CF1748D ConstructOR

You are given three integers $ a $ , $ b $ , and $ d $ . Your task is to find any integer $ x $ which satisfies all of the following conditions, or determine that no such integers exist: - $ 0 \le x \lt 2^{60} $ ; - $ a|x $ is divisible by $ d $ ; - $ b|x $ is divisible by $ d $ . Here, $ | $ denotes the [bitwise OR operation](https://en.wikipedia.org/wiki/Bitwise_operation#OR).

Each test contains multiple test cases. The first line of input contains one integer $ t $ ( $ 1 \le t \le 10^4 $ ) — the number of test cases. Each test case consists of one line, containing three integers $ a $ , $ b $ , and $ d $ ( $ 1 \le a,b,d \lt 2^{30} $ ).

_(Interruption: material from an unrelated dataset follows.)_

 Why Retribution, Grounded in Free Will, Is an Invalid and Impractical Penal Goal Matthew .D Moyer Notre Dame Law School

For each test case print one integer. If there exists an integer $ x $ which satisfies all of the conditions from the statement, print $ x $ . Otherwise, print $ -1 $ . If there are multiple solutions, you may print any of them.

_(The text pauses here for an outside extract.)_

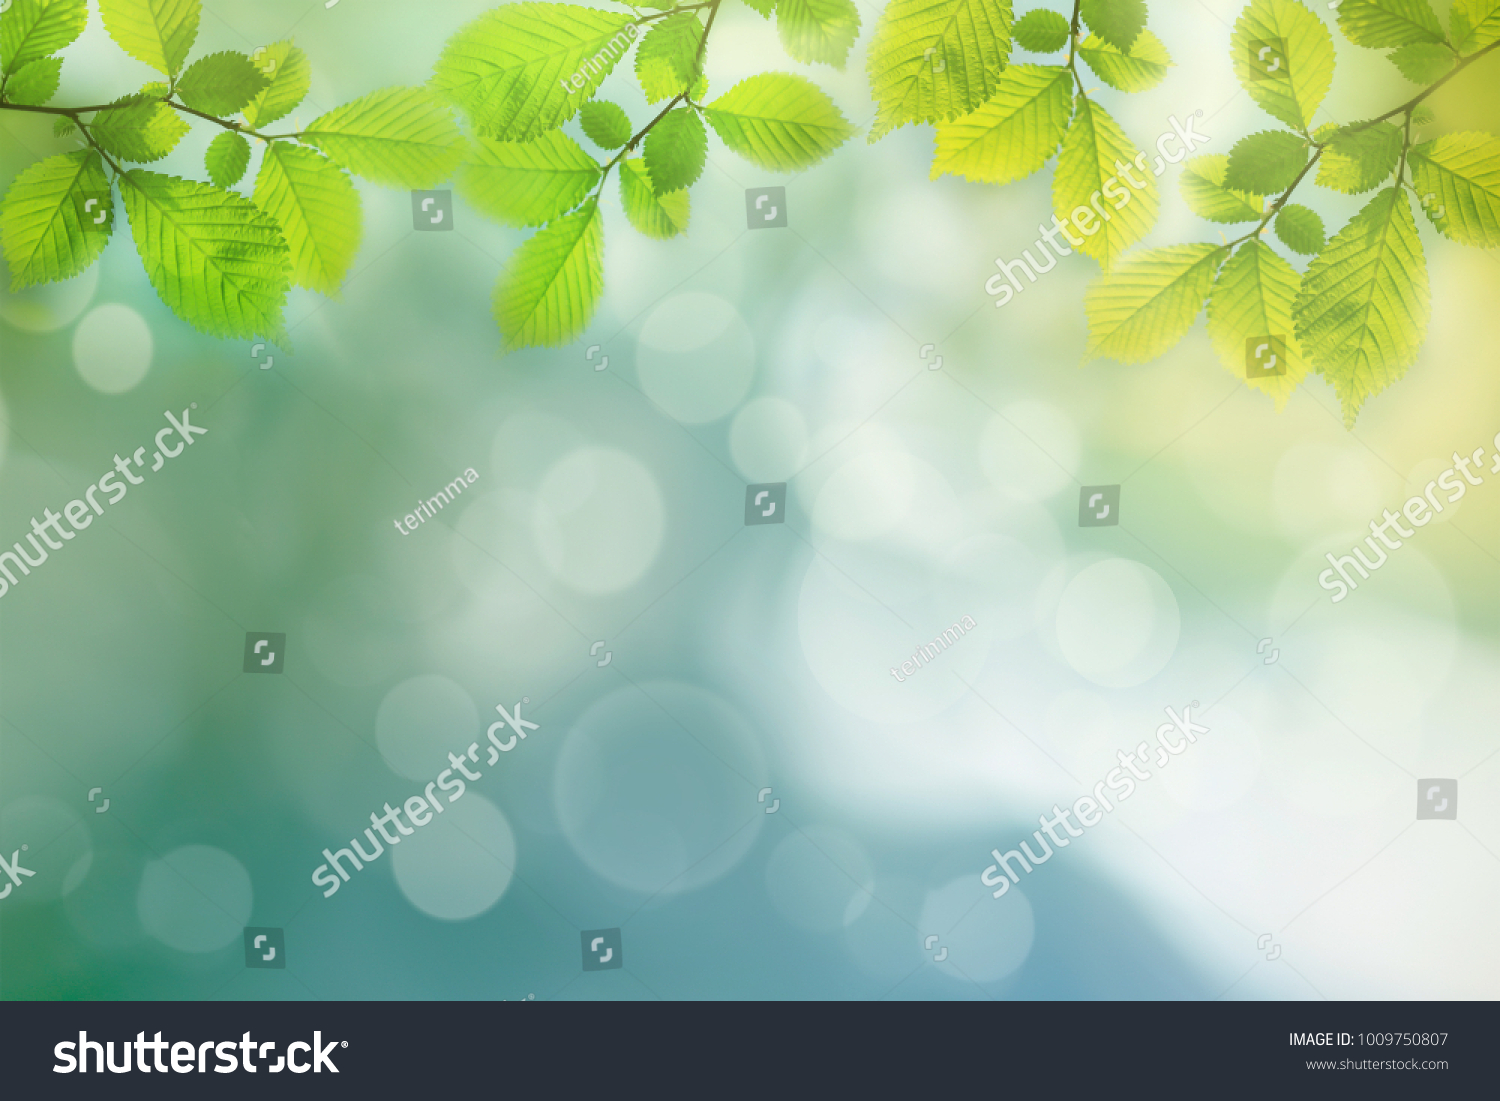 Spring background, green tree leaves on blurred background #1009750807

In the first test case, $ x=18 $ is one of the possible solutions, since $ 39|18=55 $ and $ 12|18=30 $ , both of which are multiples of $ d=5 $ . In the second test case, $ x=14 $ is one of the possible solutions, since $ 8|14=6|14=14 $ , which is a multiple of $ d=14 $ . In the third and fourth test cases, we can show that there are no solutions.